Many years later, in 2018, I saw the exhibition Coming Home: Art and the Great Hunger, the world’s largest collection of Famine related art, at Dublin Castle. I was deeply moved by this exhibition and together with a confluence of other influences, I decided to embark on the ambitious journey of creating 1845: Memento Mori, a commemorative artwork, dedicated to the Great Famine.

I knew that to do justice to the work and its inspiration, it needed to be large scale. I had never worked with large scale installations in my own practice but did work for the American artist Dale Chihuly in the 1990s building his large-scale installations, which are made from literally thousands of elements. I credit that experience as an influence.

I have collaborated with Irish artists Róisín de Buitléar, Kevin O’Dwyer and Caroline Madden on many projects, building bridges between the Seattle and Ireland glass communities.  In 2018, Caution! Fragile, an exhibition organized by Róisín de Buitléar opened at the National Museum of Ireland, four years after its premier at the Museum of Glass in Tacoma.
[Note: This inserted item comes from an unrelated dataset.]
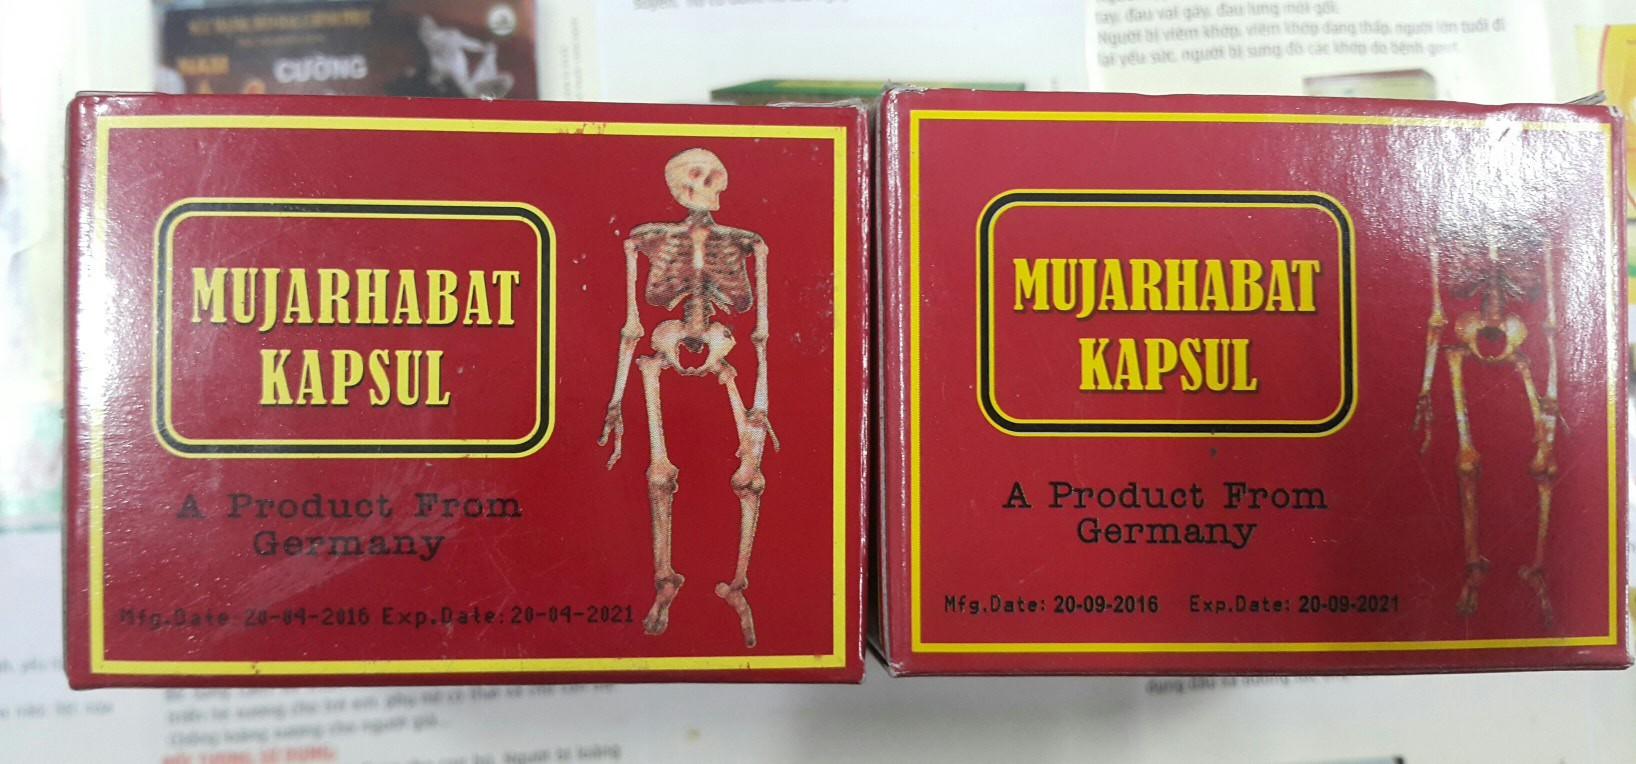 thuốc mujarhabat kapsul, bán thuốc mujarhabat kapsul, thuốc mujarhabat kapsul có tốt không, thuốc mujarhabat kapsul thành phần, thuoc mujarhabat kapsul chua benh gi, thuốc mujarhabat kapsul mua o dau, cách sử dụng thuốc mujarhabat kapsul, tác dụng phụ của thuốc mujarhabat kapsul, giá thuốc mujarhabat kapsul, tác dụng của thuốc mujarhabat kapsul, công dụng của thuốc mujarhabat kapsul, cách dùng thuốc mujarhabat kapsul, thành phần của thuốc mujarhabat kapsul, thuốc mujarhabat kapsul thật và giả, thuốc mujarhabat kapsul chính hãng, thuốc mujarhabat kapsul giả, thuốc mujarhabat kapsul tác dụng phụ, hướng dẫn sử dụng thuốc mujarhabat kapsul

This exhibition celebrates Irish culture, tradition and heritage. My involvement with its production evoked in me a great sense of national pride. It inspired my work to celebrate and honor my Irish culture.
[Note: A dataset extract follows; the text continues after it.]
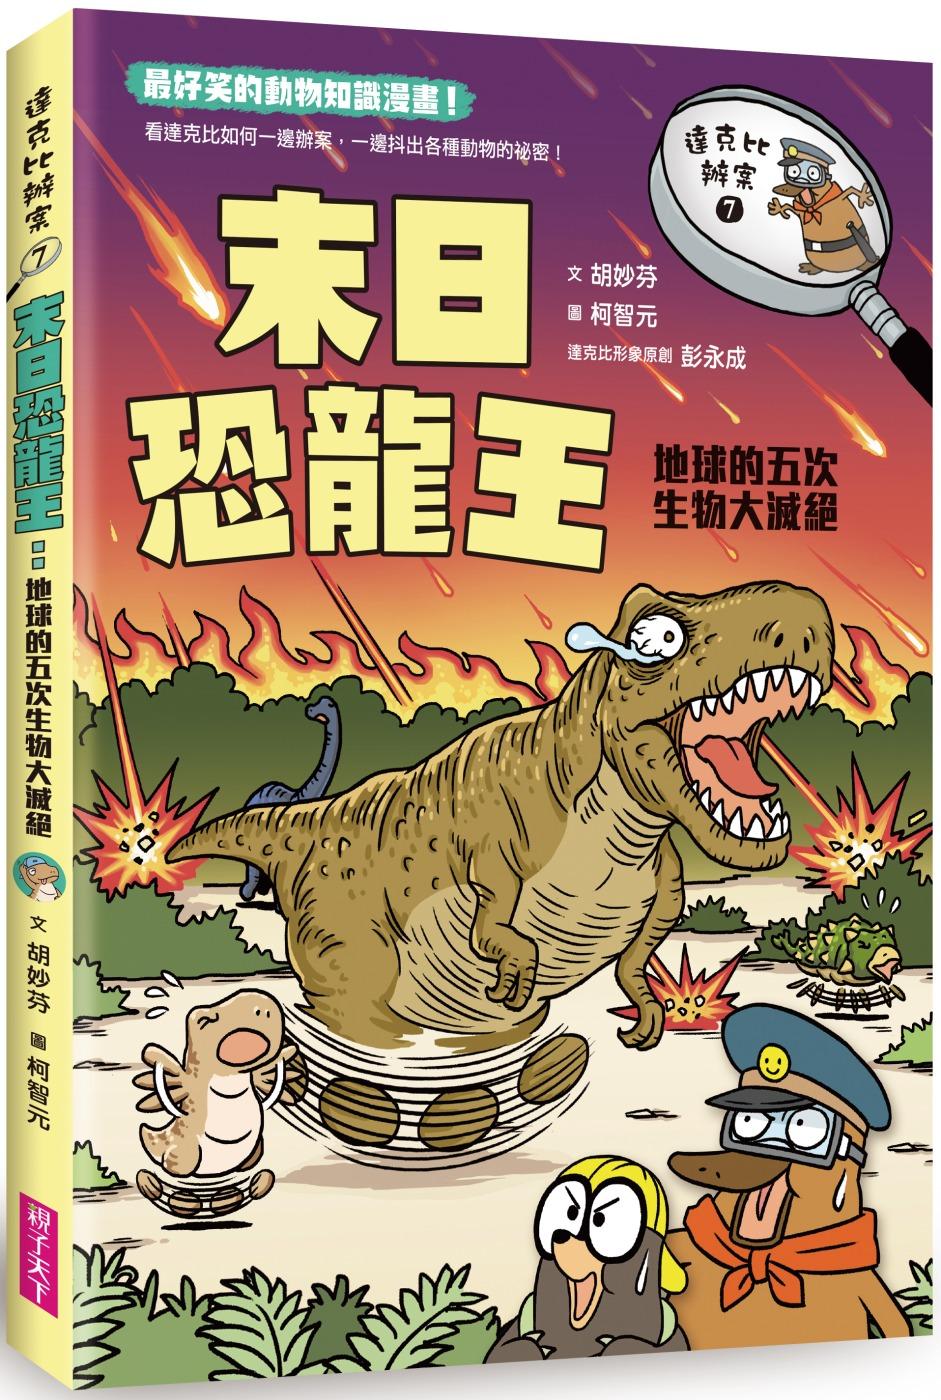 達克比辦案7:末日恐龍王:地球的五次生物大滅絕

In the execution of this work, I chose a representation of the potato form, a classic and iconic symbol associated with Ireland, using molten glass. It lends itself well to creating the organic form of a potato. The material also lends itself well as a metaphor for fragility and strength. But I was also drawn to the physical act of literally breathing life, through glassblowing, into a form, that in Irish history has a connotation of sustenance but also death. The potatoes are clear and sandblasted. The result is a recognizable form of the potato, that in its stark whiteness, looks like a ghost of the living form. To me it is a memento mori, that serves as reminder of mortality.
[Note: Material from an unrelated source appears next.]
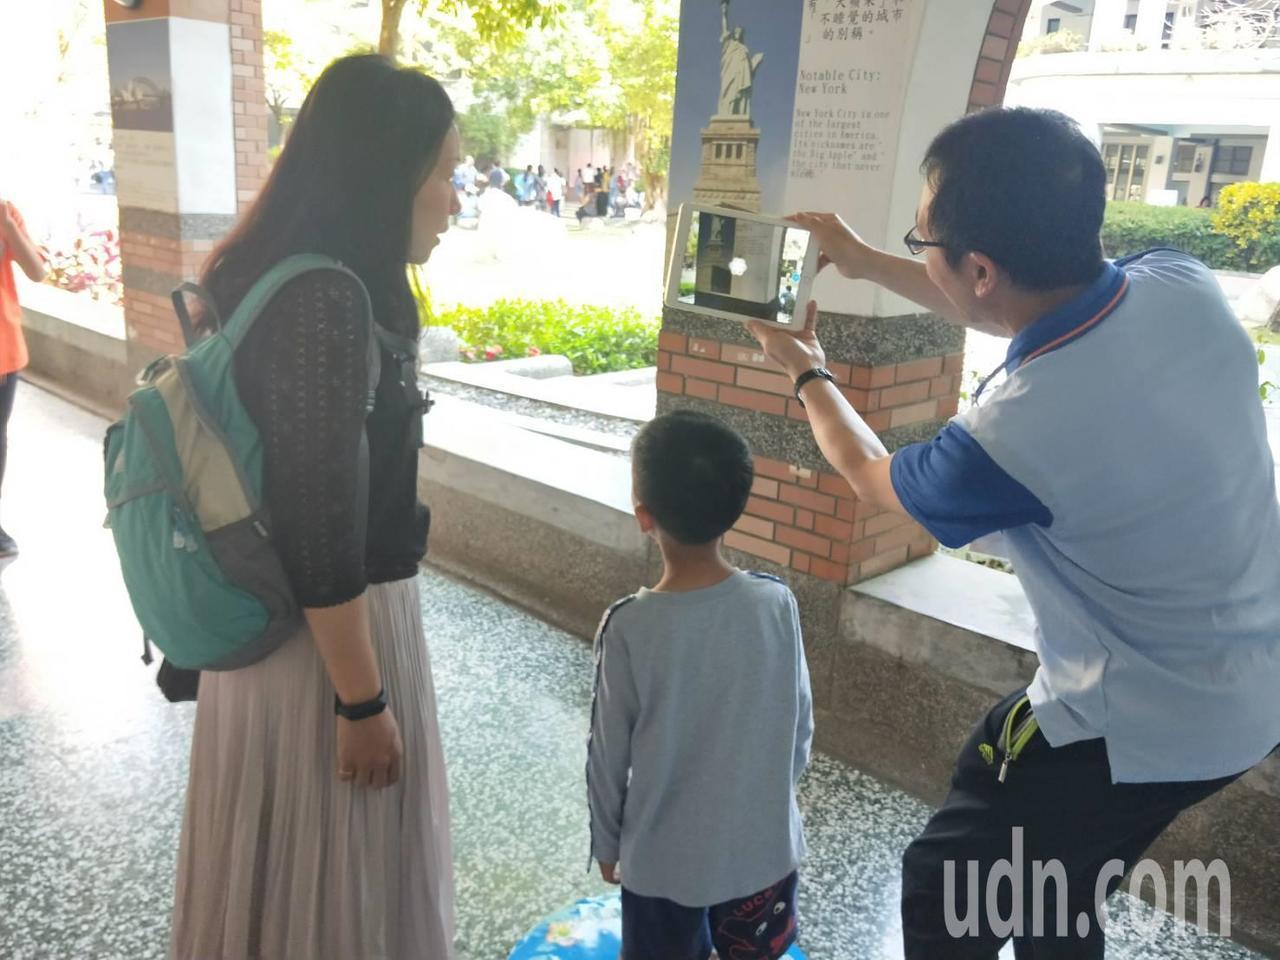 宜蘭縣新生國小在行政大樓一樓設置AP體驗區,讓現場參加的家長與小朋友利用載具體驗...

As part of this project, I was awarded a residency at Cill Rialaig in Ireland. I spent a week living in a restored pre-Famine stone cottage on Bolus Head, Co. Kerry, overlooking the Atlantic Ocean.  I used this time to further read and study about the history of the Irish Famine but also the meaning of psychogeography, the effect of geographical location on emotions and behavior. It got me thinking about influences in my work, specifically where I grew up. Growing up in the Boyne Valley of County Meath, the physical evidence of the past coexists in a modern world. There are spectacular examples of Megalithic archaeology at Newgrange, Knowth, Dowth and Lough Crew. Newgrange is of course the best-known passage tomb and a spectacular monument to death.  I credit the influence of the Irish landscape on my decision to build the installation into the form of a cairn. The form makes sense to me culturally, aesthetically and symbolically. 

My dream has always been to bring the work home to Ireland. I am profoundly grateful for the support given to me to date, specifically the Irish Heritage Trust, where in 2021, 1845: Memento Mori was first shown at Strokestown Park House and Johnstown Castle, but also by the Ulster American Folk Park, and the National Museum of Ireland-Country Life. In the summer/autumn of 2022, I presented the installation in Saint Patrick’s Hall, Dublin Castle, and at the Irish Workhouse Centre in Portumna, Co. Galway.

1845: Memento Mori has been acquired into the collection of the National Museum of Ireland where it will be displayed at the Museum of Decorative Arts & History at Collins Barracks, Dublin.

The installation will be featured as part of a future renovation within the full suite of the History of Ireland galleries, in a permanent gallery space taking a social, cultural and political approach to exploring Ireland’s history in the last 420 years.

At the end of the day, through this work, I want to throw light on historical events that have shaped the present and open a dialogue on how we can learn from the past.  I hope to create a bridge between the old and new, the past and the present. And in doing so I hope to elicit compassionate reflection that transcends the polarizing politics of our current time.”